» **Exercise aim**: Once the line containing "Essalud - EsSalud" is found in the data below, repeat it and every later line exactly, leaving the pictures out.

» **Data shown**:
+ + +
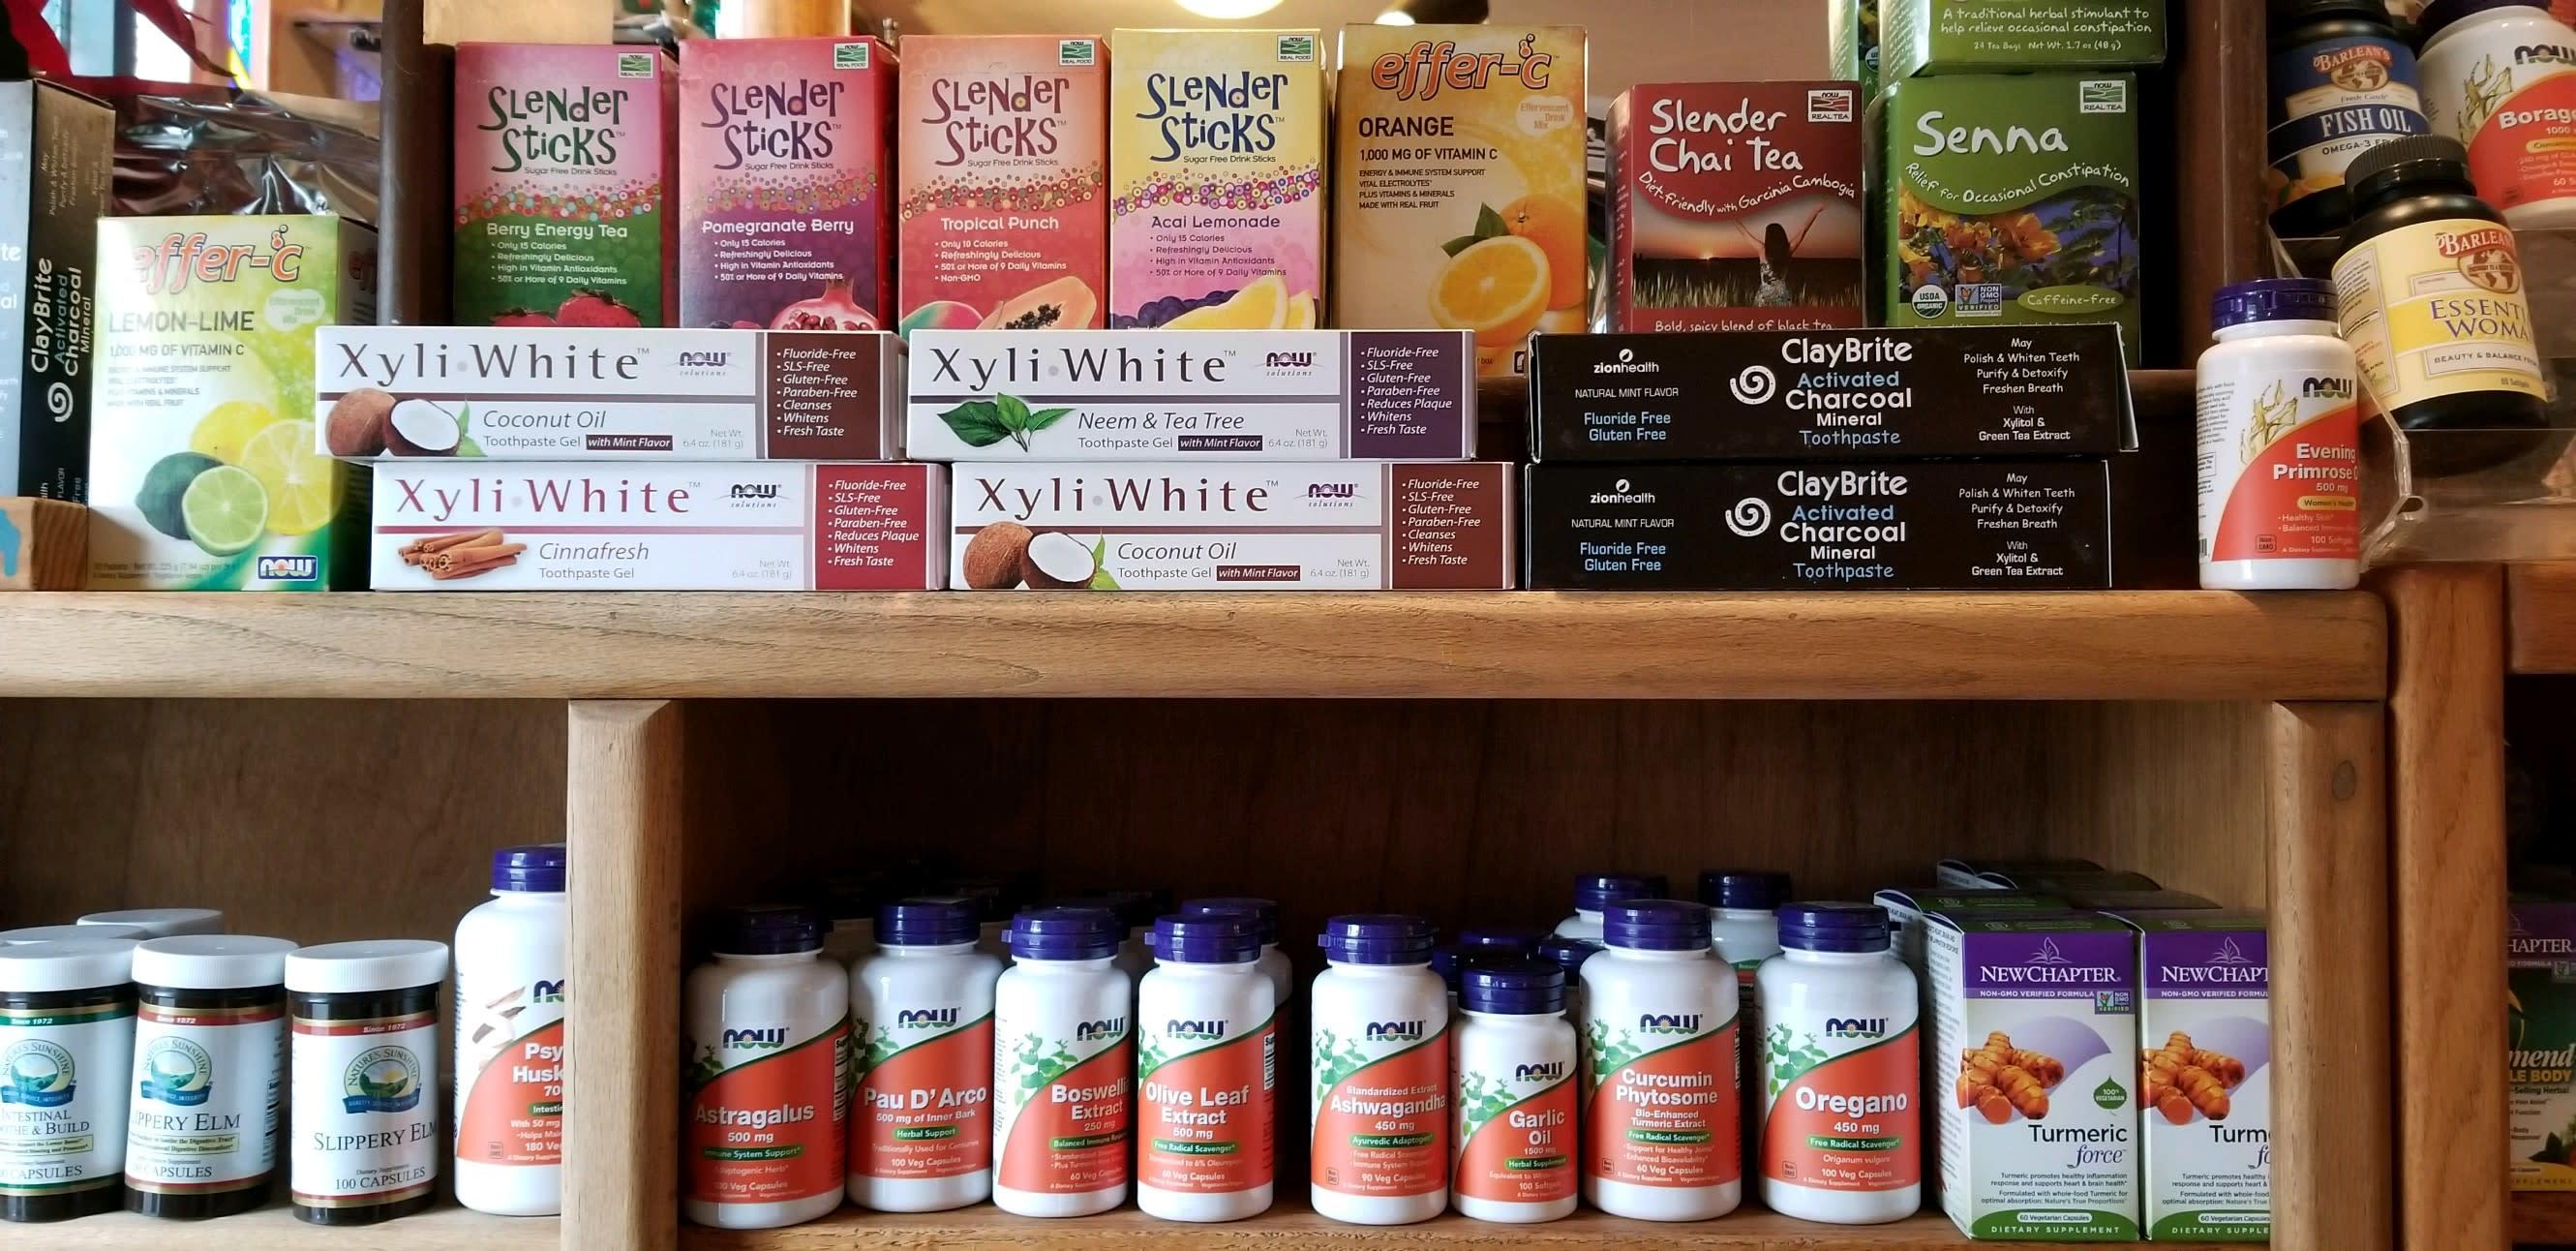 Great selection of Herbal Teas, Herbal Remedies, Vitamins & Minerals
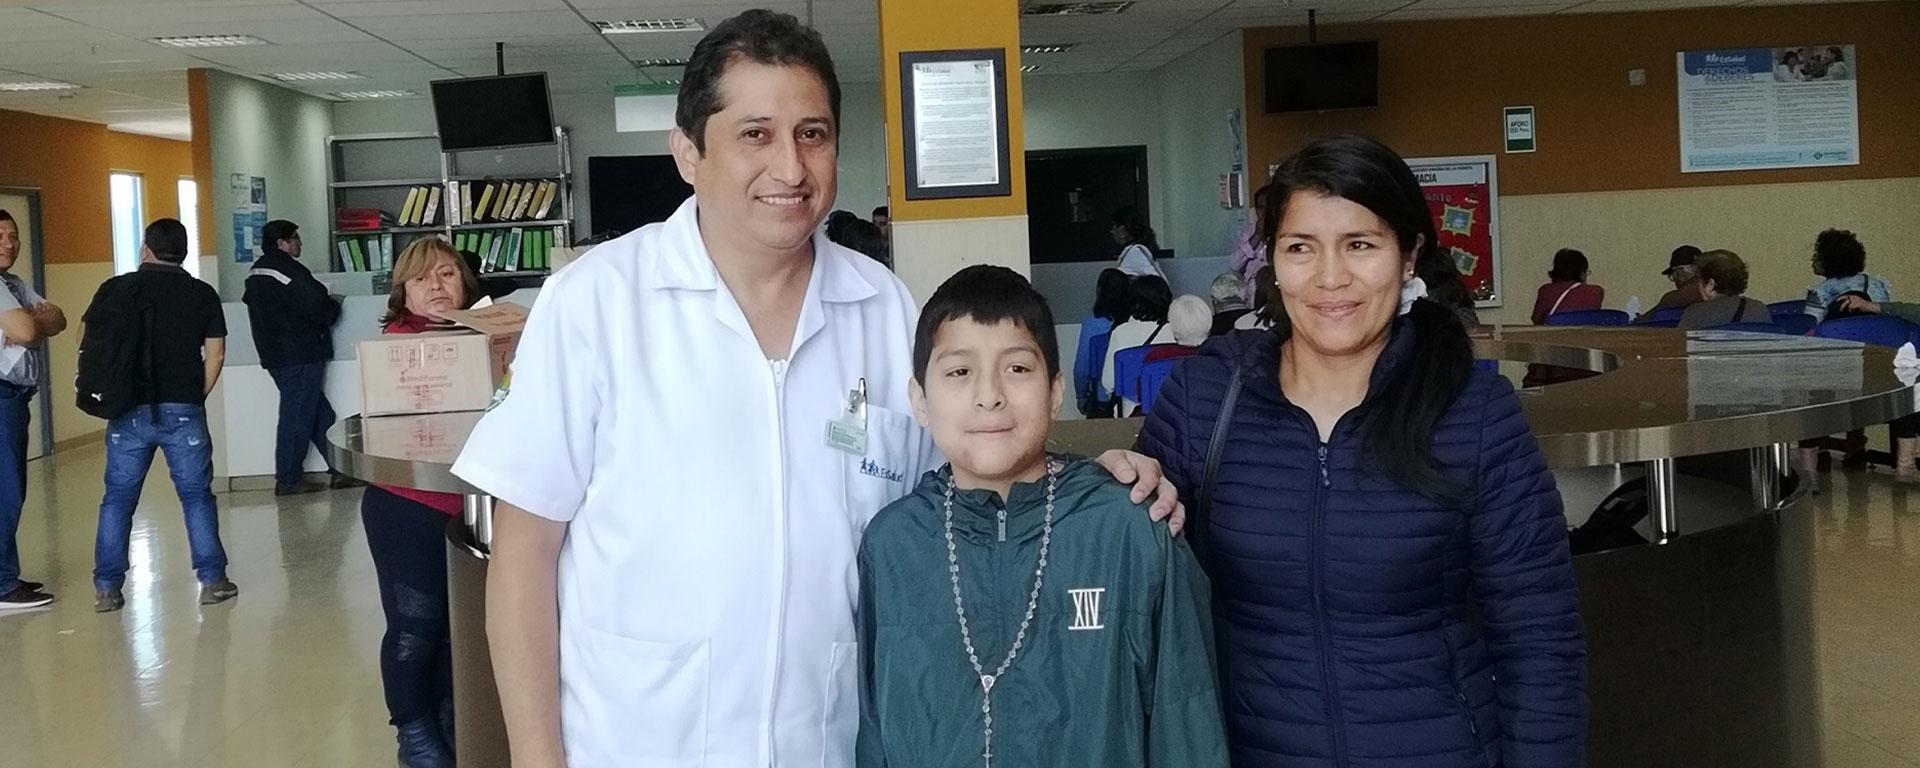 Essalud - EsSalud La Libertad realizó primera cirugía de reconstrucción de mandíbula
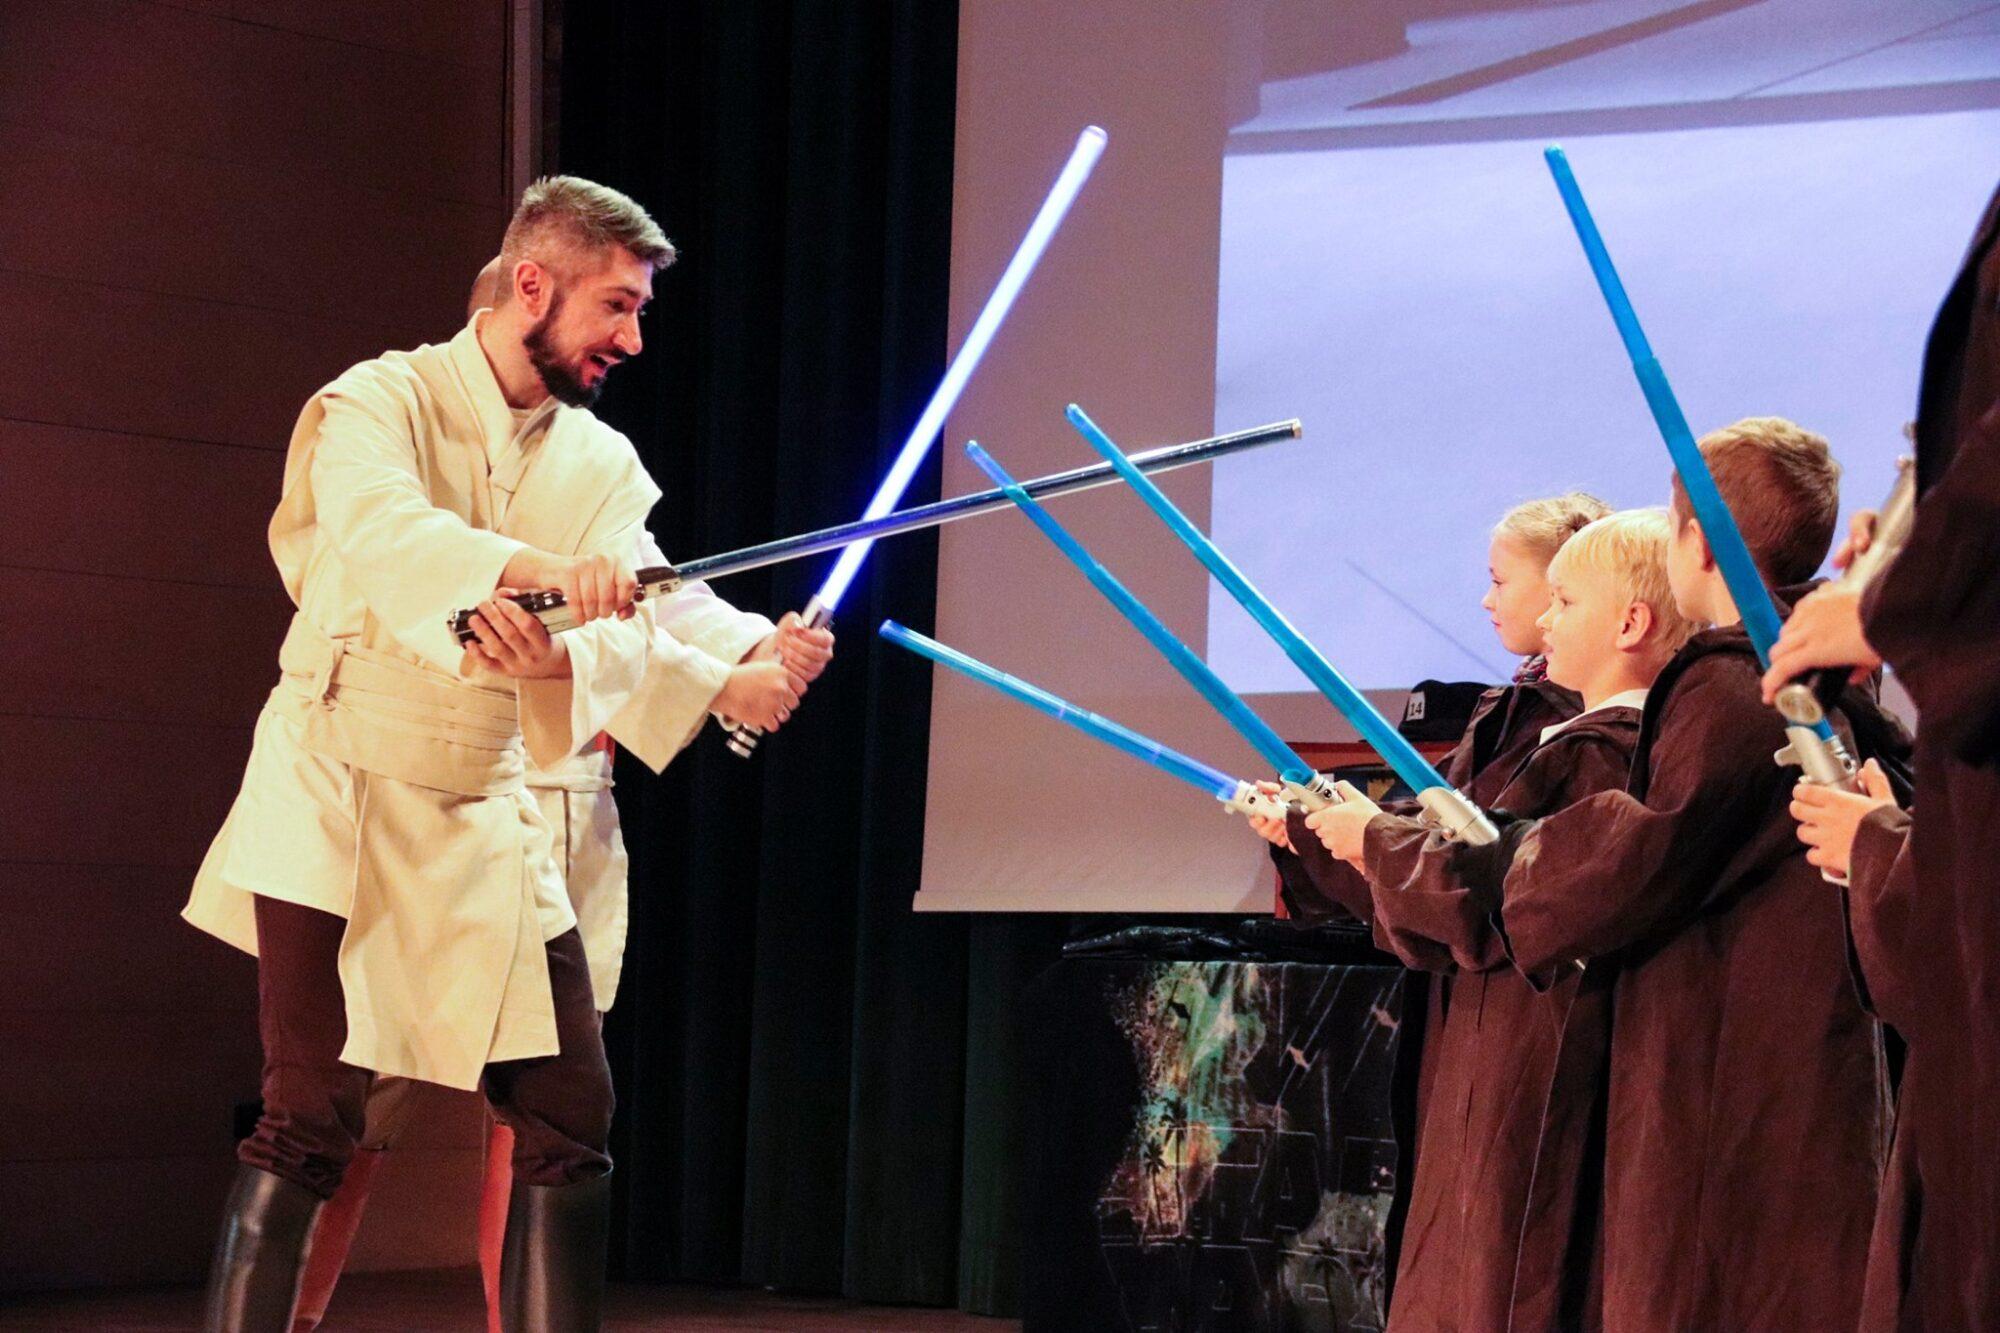 Po lewej stronie mężczyzna w białej bluzie i brązowych spodniach, po prawej grupa dzieci w brązowych długich okryciach Wszyscy trzymają niebieskie długie przedmioty przypominające miecze
+ + +
» **Completed task**:
 Essalud - EsSalud La Libertad realizó primera cirugía de reconstrucción de mandíbula
 Po lewej stronie mężczyzna w białej bluzie i brązowych spodniach, po prawej grupa dzieci w brązowych długich okryciach Wszyscy trzymają niebieskie długie przedmioty przypominające miecze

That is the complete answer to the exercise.